**Action item:** Beginning with the line containing "1/18 Norev BMW M1 (Black) Diecast Car Model" and ending with the last line of the records, set down every line exactly.

**Data extract:**
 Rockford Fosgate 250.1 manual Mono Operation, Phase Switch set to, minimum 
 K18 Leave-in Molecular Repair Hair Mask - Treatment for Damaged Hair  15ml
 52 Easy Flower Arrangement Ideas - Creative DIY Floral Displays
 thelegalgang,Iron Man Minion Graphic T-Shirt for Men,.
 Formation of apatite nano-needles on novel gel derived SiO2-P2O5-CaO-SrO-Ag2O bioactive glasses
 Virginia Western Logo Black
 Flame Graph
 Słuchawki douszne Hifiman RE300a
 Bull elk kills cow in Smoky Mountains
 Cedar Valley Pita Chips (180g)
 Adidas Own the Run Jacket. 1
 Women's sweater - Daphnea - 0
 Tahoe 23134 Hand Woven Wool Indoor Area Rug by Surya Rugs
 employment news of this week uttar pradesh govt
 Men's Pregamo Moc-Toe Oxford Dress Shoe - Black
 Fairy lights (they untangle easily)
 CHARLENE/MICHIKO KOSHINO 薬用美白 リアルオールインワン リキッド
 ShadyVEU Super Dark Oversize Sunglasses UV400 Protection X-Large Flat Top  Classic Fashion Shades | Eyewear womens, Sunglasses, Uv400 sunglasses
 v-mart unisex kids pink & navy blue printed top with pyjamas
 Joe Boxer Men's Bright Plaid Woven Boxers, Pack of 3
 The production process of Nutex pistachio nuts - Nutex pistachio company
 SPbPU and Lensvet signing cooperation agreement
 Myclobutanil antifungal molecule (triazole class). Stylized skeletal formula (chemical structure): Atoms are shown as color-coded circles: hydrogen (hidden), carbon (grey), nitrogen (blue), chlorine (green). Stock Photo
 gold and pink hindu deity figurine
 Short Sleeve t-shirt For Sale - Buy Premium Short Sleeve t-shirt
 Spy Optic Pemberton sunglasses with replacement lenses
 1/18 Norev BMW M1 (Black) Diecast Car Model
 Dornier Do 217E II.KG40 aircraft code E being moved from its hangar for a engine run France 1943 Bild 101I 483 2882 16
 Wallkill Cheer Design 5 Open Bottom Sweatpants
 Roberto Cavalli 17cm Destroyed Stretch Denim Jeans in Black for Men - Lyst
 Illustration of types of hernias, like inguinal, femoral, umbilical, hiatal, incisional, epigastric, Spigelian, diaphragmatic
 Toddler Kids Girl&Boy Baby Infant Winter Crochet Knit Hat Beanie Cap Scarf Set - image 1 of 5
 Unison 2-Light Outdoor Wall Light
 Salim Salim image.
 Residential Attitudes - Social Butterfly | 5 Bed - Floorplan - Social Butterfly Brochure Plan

**Written solution:**
 1/18 Norev BMW M1 (Black) Diecast Car Model
 Dornier Do 217E II.KG40 aircraft code E being moved from its hangar for a engine run France 1943 Bild 101I 483 2882 16
 Wallkill Cheer Design 5 Open Bottom Sweatpants
 Roberto Cavalli 17cm Destroyed Stretch Denim Jeans in Black for Men - Lyst
 Illustration of types of hernias, like inguinal, femoral, umbilical, hiatal, incisional, epigastric, Spigelian, diaphragmatic
 Toddler Kids Girl&Boy Baby Infant Winter Crochet Knit Hat Beanie Cap Scarf Set - image 1 of 5
 Unison 2-Light Outdoor Wall Light
 Salim Salim image.
 Residential Attitudes - Social Butterfly | 5 Bed - Floorplan - Social Butterfly Brochure Plan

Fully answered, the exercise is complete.